Tlaib still refuses to accept U.S. and other government findings, as well as various media reports, saying Israel wasn’t responsible for bombing a Gaza hospital, contrary to what the New York Times and other mainstream media outlets initially reported. The Times has since retracted its story.
It’s no surprise that Freese Decker has taken a cowardly stance given she lacks any medical credentials or training, but it’s surprising that Henry Ford Hospital has remained silent, particularly as it will need FTC and Michigan Atty. Gen Dana Nessel’s approval to complete its proposed merger with Ascension’s southeast Michigan operations. Nessel has rallied against hate speech of all sorts.
Especially notable is that Corewell COO Darryl Elmouchi allowed his name on Freese Decker’s response to Jewish leaders. Elmouchi holds a medical degree from the University of Michigan, as does his spouse, who is an impressively credentialed pediatrician in Grand Rapids.
The World Medical Association has unequivocally condemned Hamas’ terrorist invasion, which it denounced as a “brutal attack" that "led to thousands of innocent civilians, including children, the elderly, and those in dire need of medical attention, being injured, killed, and held hostage.”
The WMA expressed its “unwavering solidarity” with its member organization, the Israel Medical Association, firmly trusting “that its dedicated physicians will continue to uphold high moral standards through these challenging times.”
Israeli hospitals treat Muslim and Iraqi children, as well as Syrian refugees.

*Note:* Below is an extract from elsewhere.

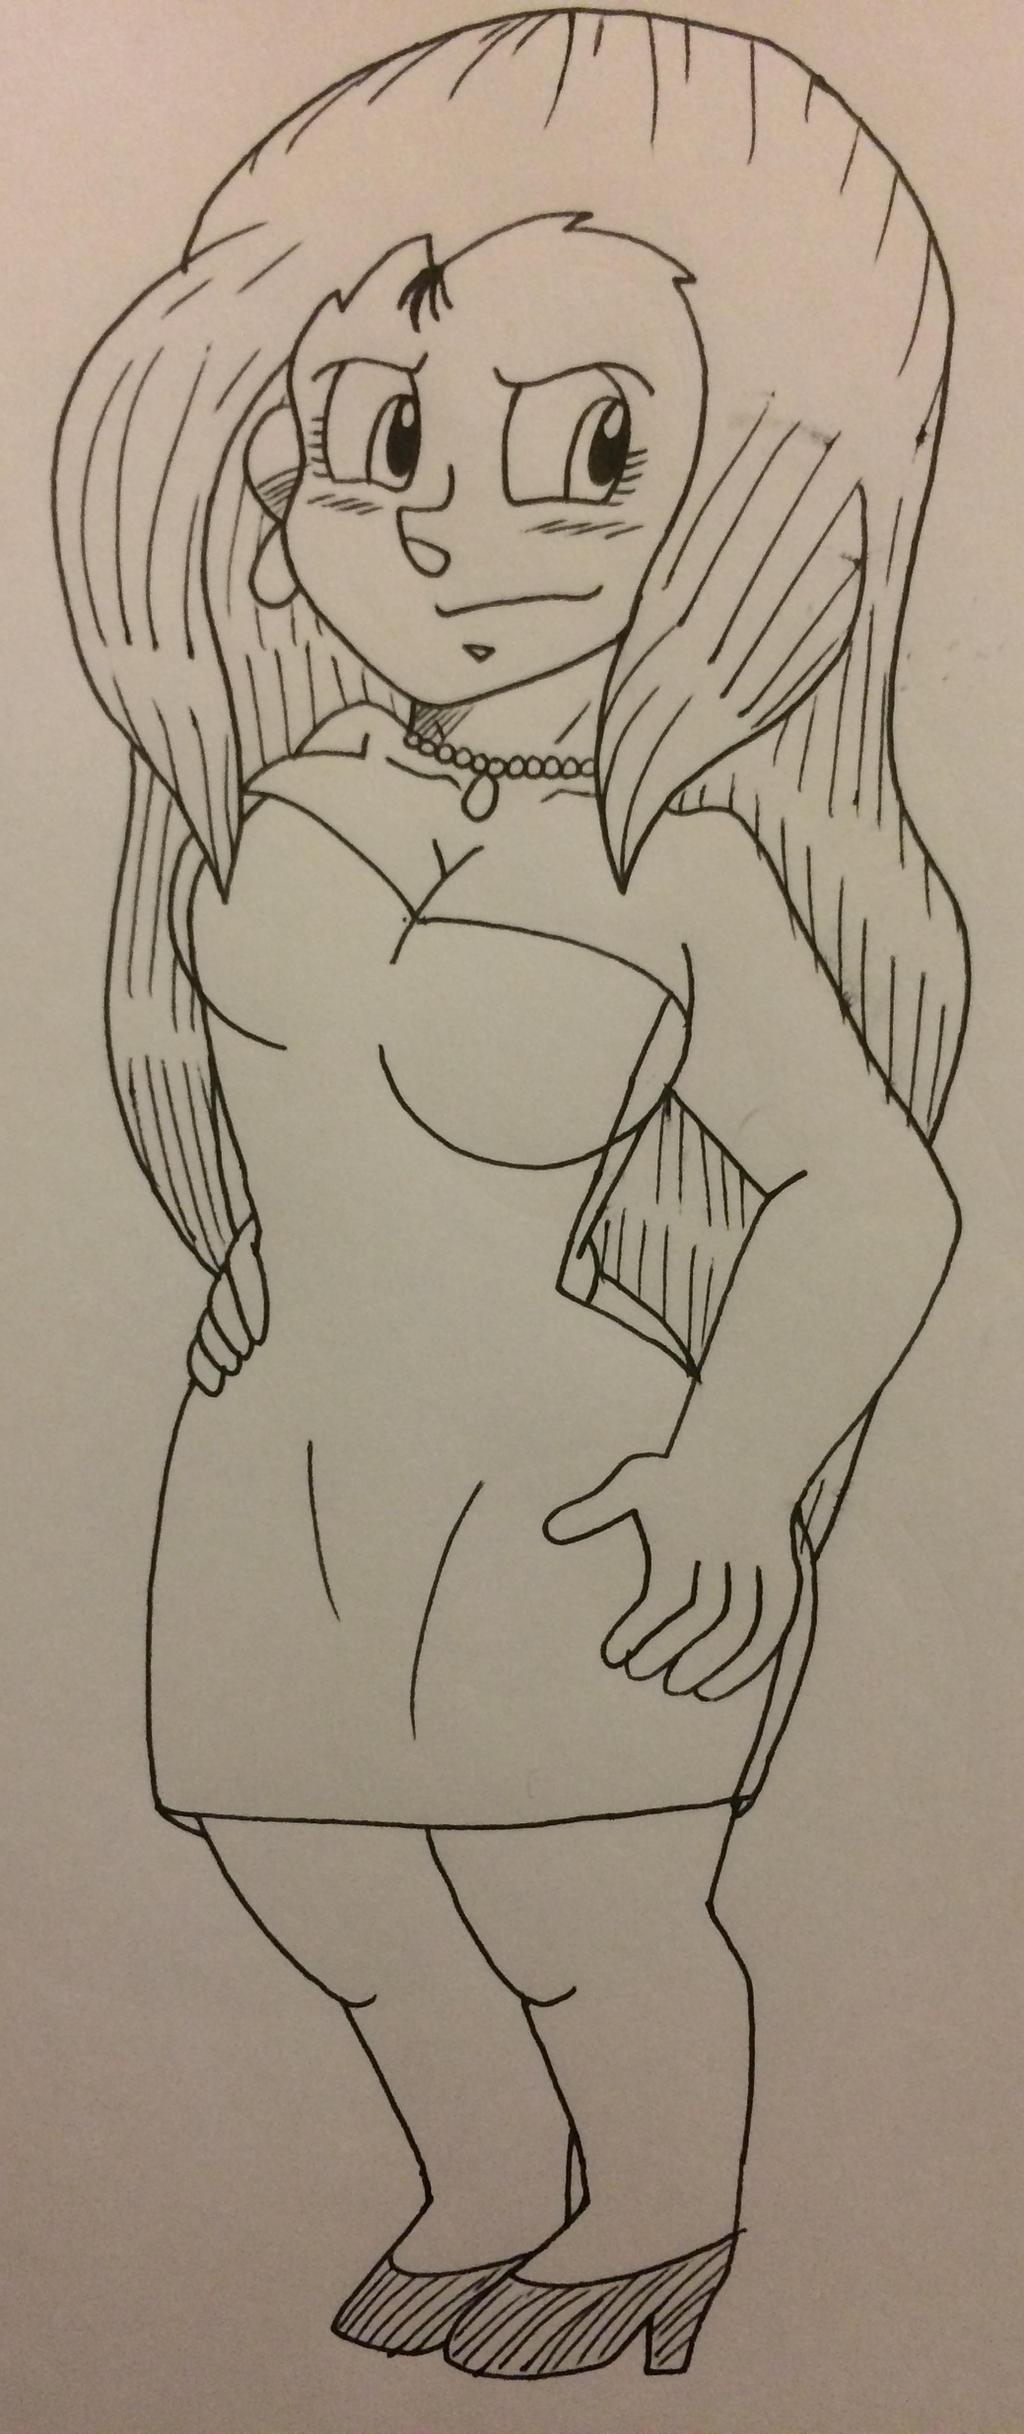 If I drew Reiko Mikami by Ashartz123

Early in the pandemic, Israeli teams trained dozens of doctors, nurses and medical personnel in Gaza on ways to treat Covid patients.
Perhaps it’s because Elmouchi attended the University of Michigan that makes him seemingly tolerant of physicians and other medical personnel who celebrate the murdering of innocent civilians.
Palestinian supporters marched through U of M’s campus earlier this year shouting, “Intifada, Intifada! Long live the Intifada” without consequences from the school’s administration.